Representing the second predicted distribution vector;

the calculation formula of the first loss function value is as follows:

wherein LI is the first loss function value, k represents the number of communication categories, n represents the number of information sources, ω _j Weight representing the jth information source, < ->

Indicating the number of the first communication sample data, L _ce () Representing cross entropy loss, y _i And a communication detection type label is indicated.

7. The communication detection method according to claim 3, wherein calculating a second loss function value of the second loss function comprises:

merging the second communication sample data of all the information sources into third communication sample data, and merging the first communication sample data of the target to be detected and the second communication sample data of all the information sources into fourth communication sample data;

Extracting a third communication sample vector and a fourth communication sample vector from the third communication sample data and the fourth communication sample data respectively by utilizing the characteristic extraction network;

respectively calculating a first average value vector, a third average value vector and a fourth average value vector of the first communication sample vector, the third communication sample vector and the fourth communication sample vector in each communication category;

calculating Euclidean distances between the first mean value vector, the third mean value vector and the fourth mean value vector, and summing to obtain a first Euclidean distance loss function value;

a clustering algorithm is utilized to respectively select a second preset number of first characteristic points from the first communication sample vectors of all the communication categories, and select the second preset number of second characteristic points from the third communication sample vectors of all the communication categories;

calculating Euclidean distances between the first characteristic points and the second characteristic points, and averaging to obtain a second Euclidean distance loss function value;

and calculating the second loss function value according to the first Euclidean distance loss function value and the second Euclidean distance loss function value.

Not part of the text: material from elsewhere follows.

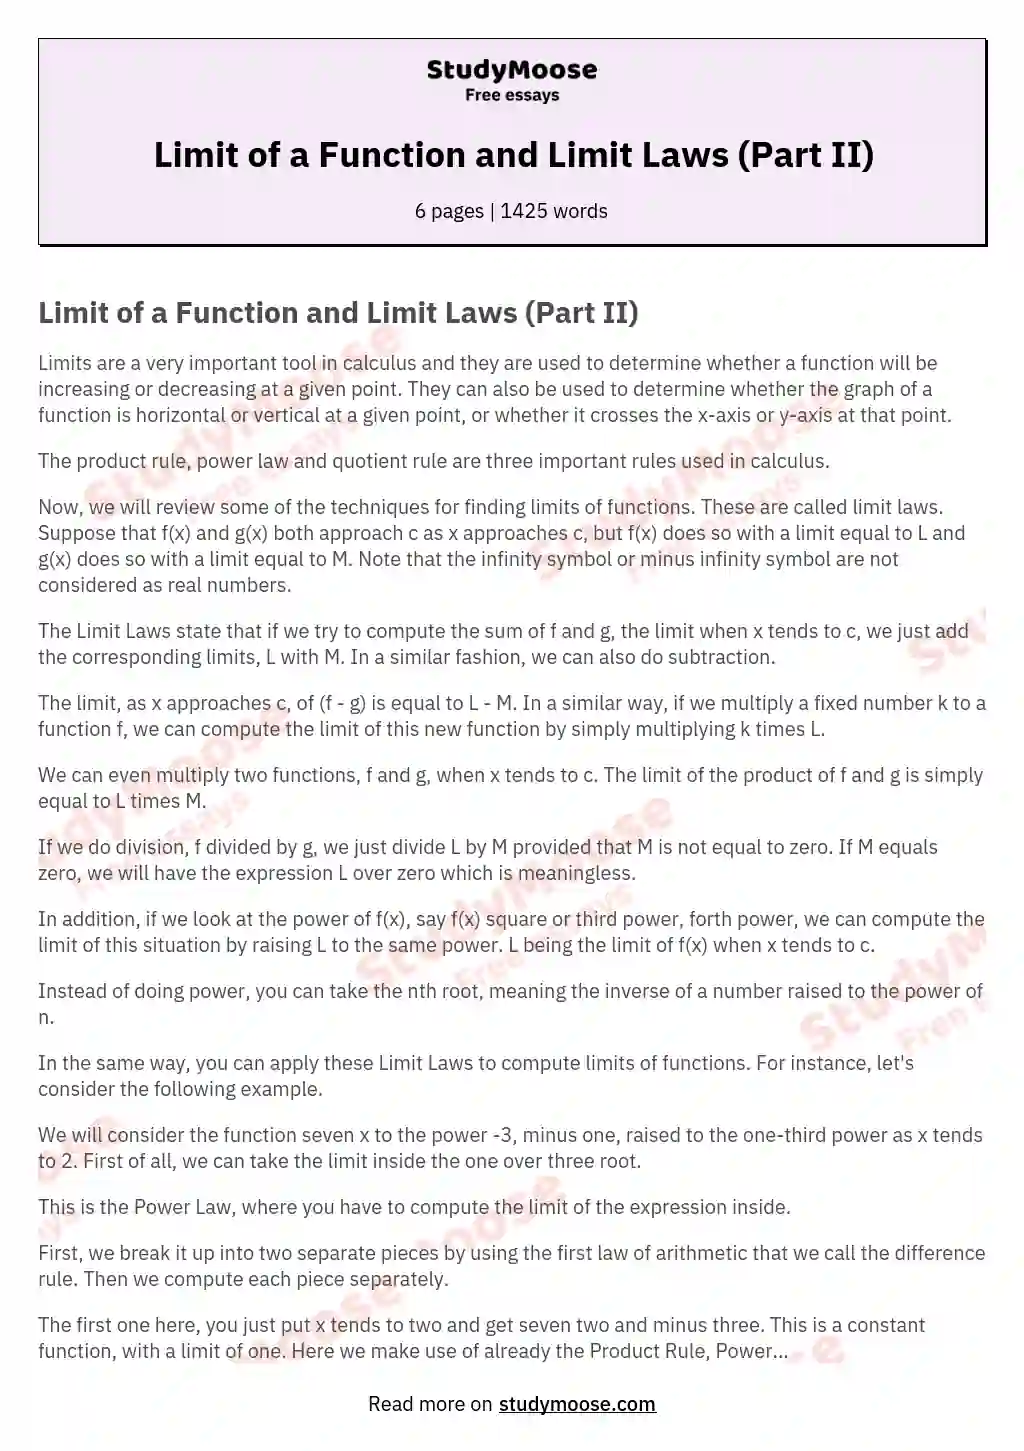 Limit of a Function and Limit Laws (Part II) essay

8. The communication detection method according to claim 7, wherein the first euclidean distance loss function value is calculated by the following formula:

wherein LG represents the first Euclidean distance loss function value,

representing the first mean vector, +.>

Representing the third mean vector, +.>

Representing the fourth mean vector, k representing the number of communication categories, +.>

Representing the Euclidean distance;

the calculation formula of the second Euclidean distance loss function value is as follows:

wherein LL represents the second euclidean distance loss function value, R represents the second preset number,

n-th,/in the first feature points representing the selected R i-th communication categories in the first communication sample vector>

And representing the mth of the second characteristic points of the R ith communication categories selected from the third communication sample vector.

9. A computer device comprising a processor, a memory coupled to the processor, the memory having stored therein program instructions that, when executed by the processor, cause the processor to perform the steps of the communication detection method of any of claims 1-8.

10. A storage medium storing program instructions capable of implementing the communication detection method according to any one of claims 1 to 8.